Today we are used to seeing Lycra-clad cyclists weave through traffic queues or clog up country lanes riding two abreast. I have been shouted at whilst riding my bike and cut up by impatient motorists to the extent that now I rarely venture out on two wheels. However, it seems that  road rage towards cyclists is nothing new.

In August 1876 members of the London Bicycle Group were heading off for a race when they passed along a  stretch of road near the Welsh Harp in Hendon. The St Alban’s stage coach came along beside them with several passengers sitting outside (as was normal).

As Mr Gee (the secretary of the cycle club) went past the coach one of the gentlemen on board swung a rope with an iron ball attached. Gee swerved, to avoid the ball hitting his wheels, but instead got the force of coach driver’s whip across his shoulders.

Another member of the cycle group was no so lucky. As the coach went past the man again swung his rope and caught Mr Mitchell’s bike in the wheels. The bike and rider were dragged along for a few moments before the rope snapped. Mr Mitchell’s ‘clothes were torn, his leg injured, and his bicycle was damaged. This occurrence provoked laughter from the coach passengers’.

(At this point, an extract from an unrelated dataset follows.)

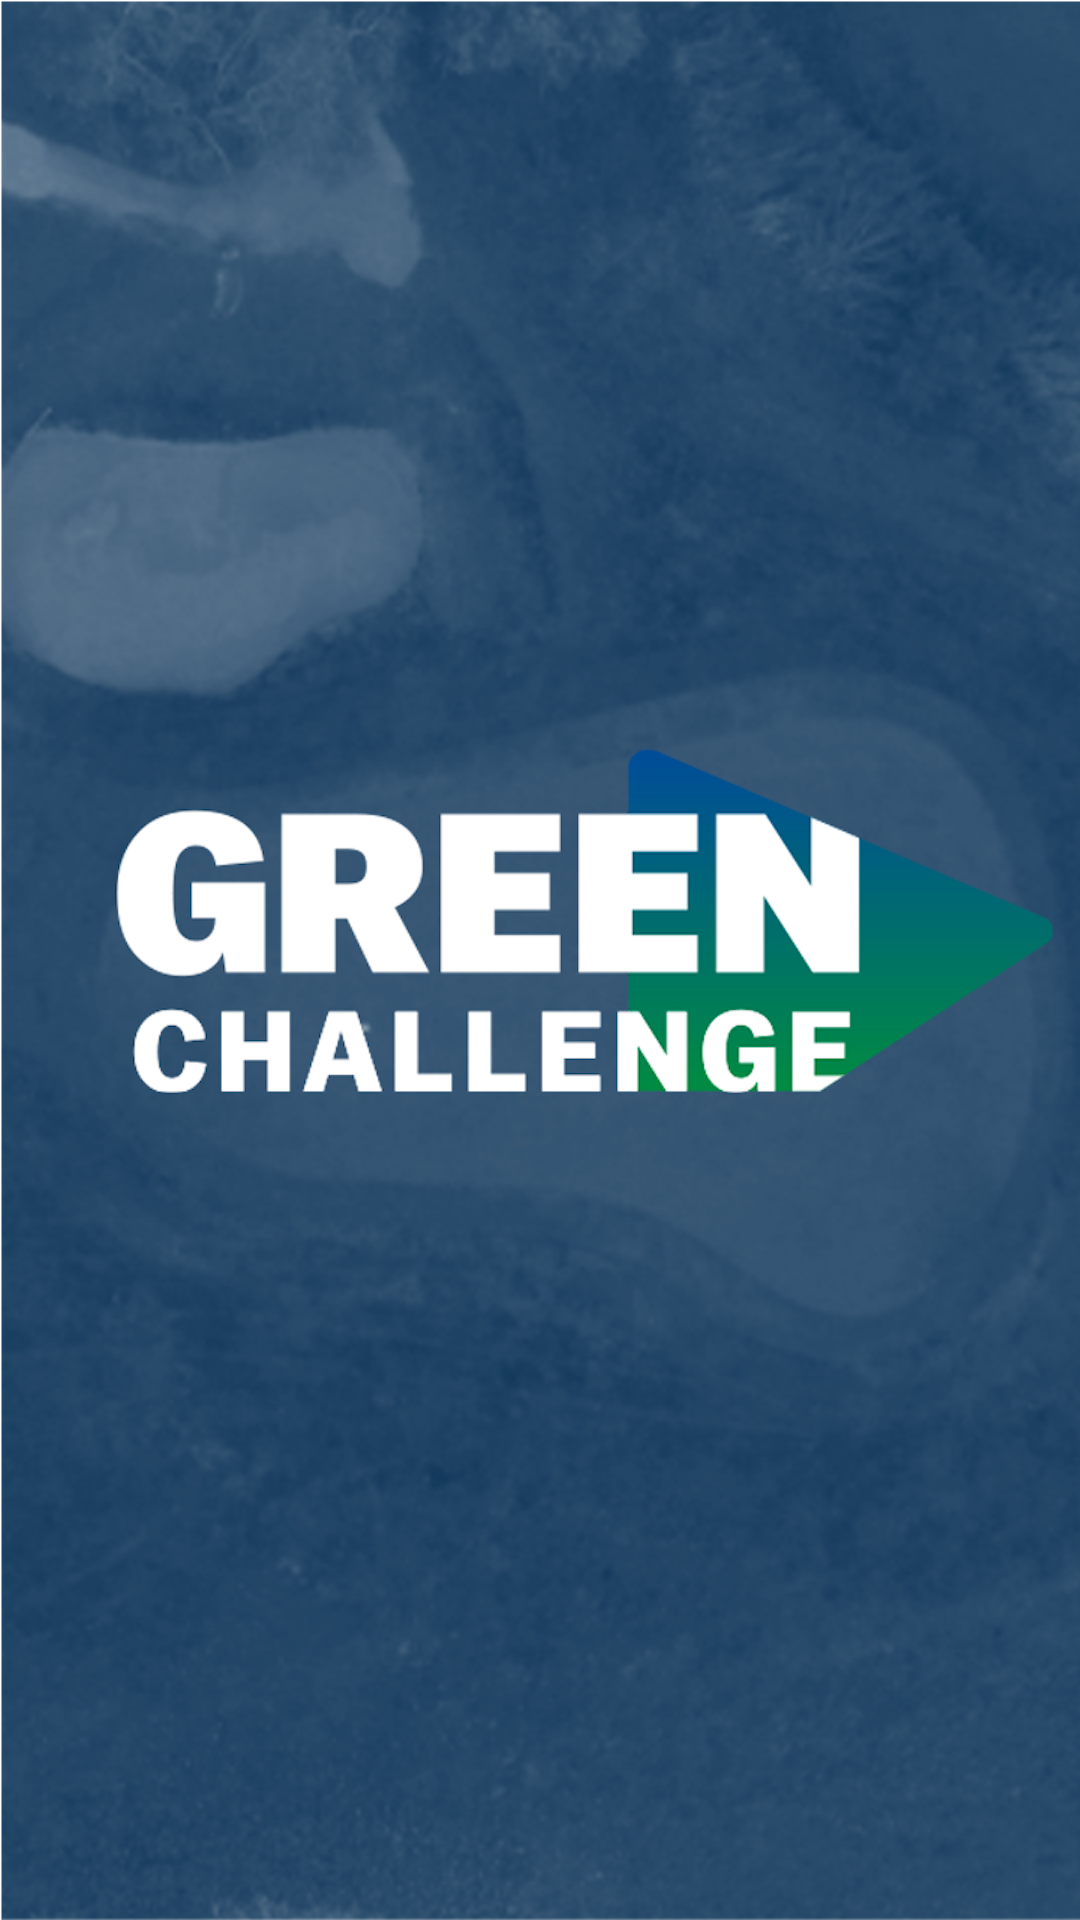 Green challenge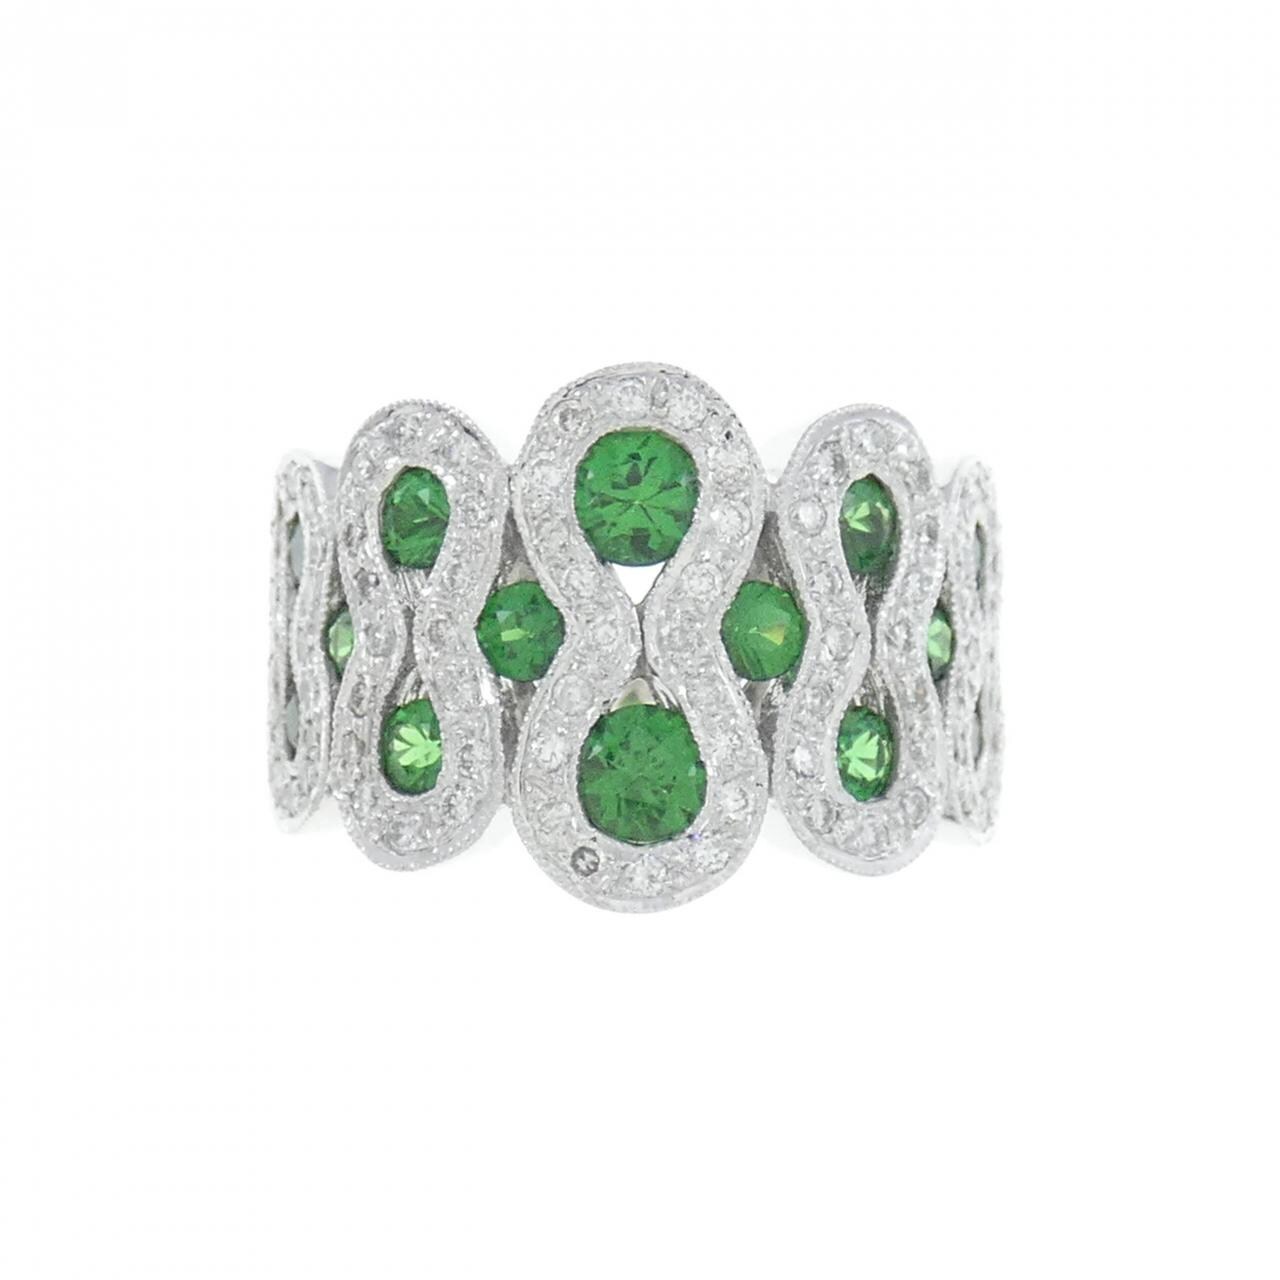 K18WG Green Garnet Ring 1.87CT

The cyclists pursued the coach to Edgware where it was stopped and they went to find a policeman. However the constable was less than helpful, refusing to act as he hadn’t seen the incident himself and ‘no marks of violence were visible.

Mr Gee had come before his local magistrate at Marylebone Police Court to ask his advice.  Mr Newton told him that Mr Mitchell could ‘bring an for injuries and damages’ against the man on the stage and Gee could apply for a summons from the local authorities. The cyclists thanked him and left.